Ну что ж, по крайней мере, честно и не стоит обижаться, сержант действовал по своему разумению… А вдруг прав? Ясно прозвучал в ушах Степкин сочувственный, с подковыркой вопрос: «Чем расстроен, лейтенант… бумажкой выборной?» Откуда ему знать, что «выборная»? Мысль завертелась на одном месте, точно заевшая пластинка. Он лихорадочно вспоминал подробности, стараясь зацепиться за самую важную, сообразить: «Там, в комнате, он мог заглянуть в бумагу, пока я разбирал каракули?» Когда он спросил? До или после — на улице, после разговора с Политкиным? Кажется, после. Но откуда этот притворный тон, нервы сдали? Однако разыгралась к ночи фантазия. Председательский питомец — автор листовок? Чушь собачья!

— Товарищ лейтенант!

— Спи. Поступишь, как велит совесть.

— А может, вы из-за нее?

— Не понял…

— Ну… как бы это сказать… Ложная деликатность по отношению к сопернику. Все же знают, они жених и невеста. Я-то вас понимаю.
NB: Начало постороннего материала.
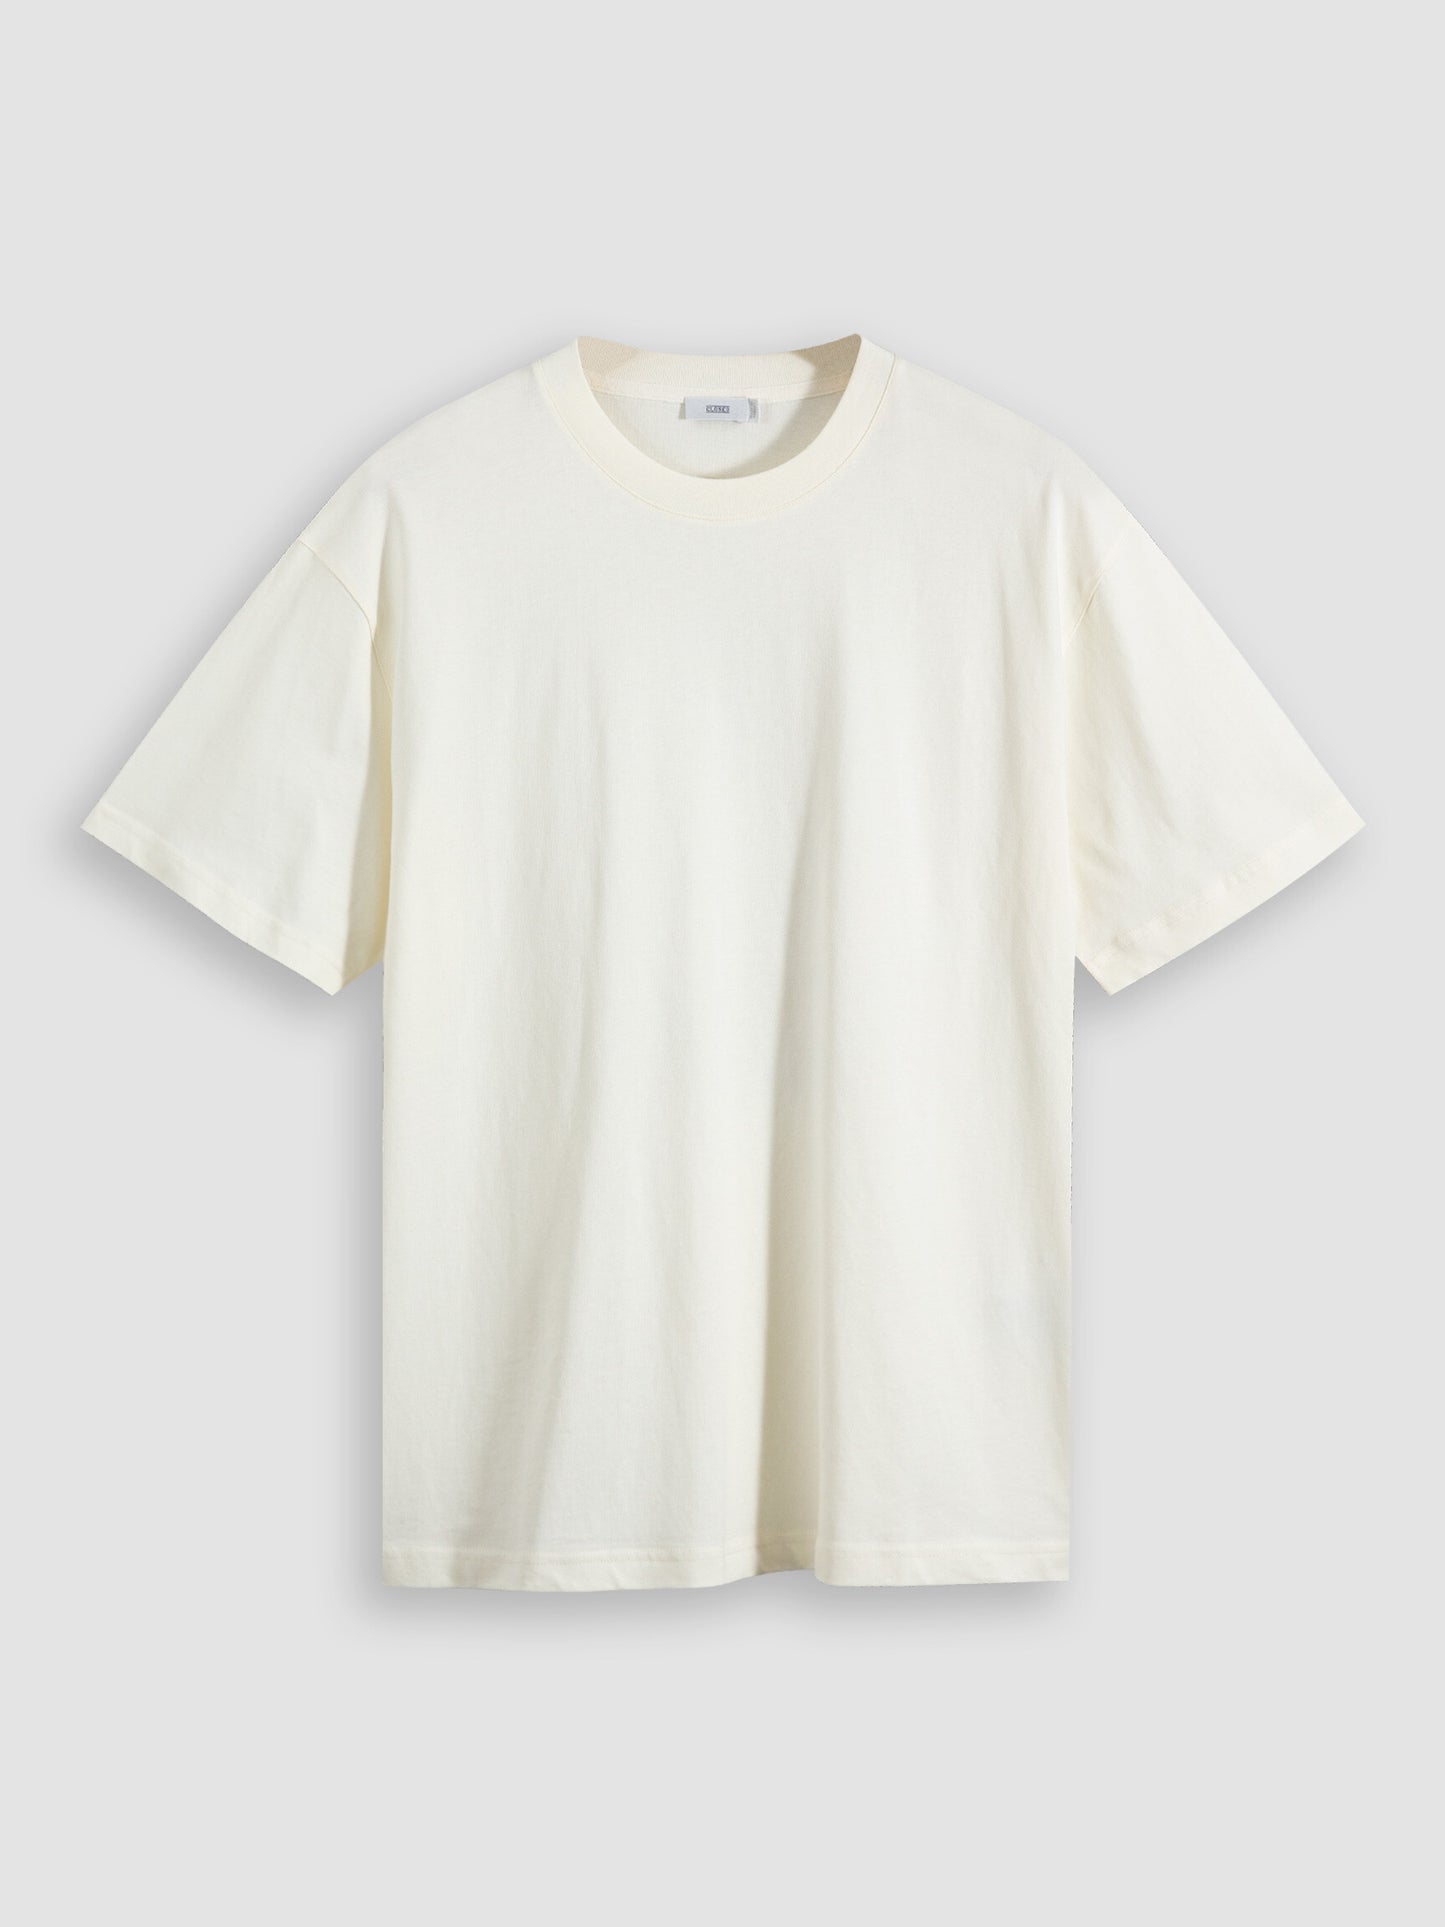 Ivory printed t-shirt

Копнул все же, копнул он его, Юрочка, расставил точки.

— Что ты городишь?

— Я же вижу. Стоит ей появиться, вы прямо в лице меняетесь.

— Учту. Спокойной ночи.

— Мне еще пост сменить. Лишний раз проинструктирую. Насчет бдительности.

— Вот и славно.

— А вообще-то надо бы вам подумать, прежде чем делать шаг…

— Какой еще шаг? Ты трезвый?

— В том-то и дело. Жениться бы на своей.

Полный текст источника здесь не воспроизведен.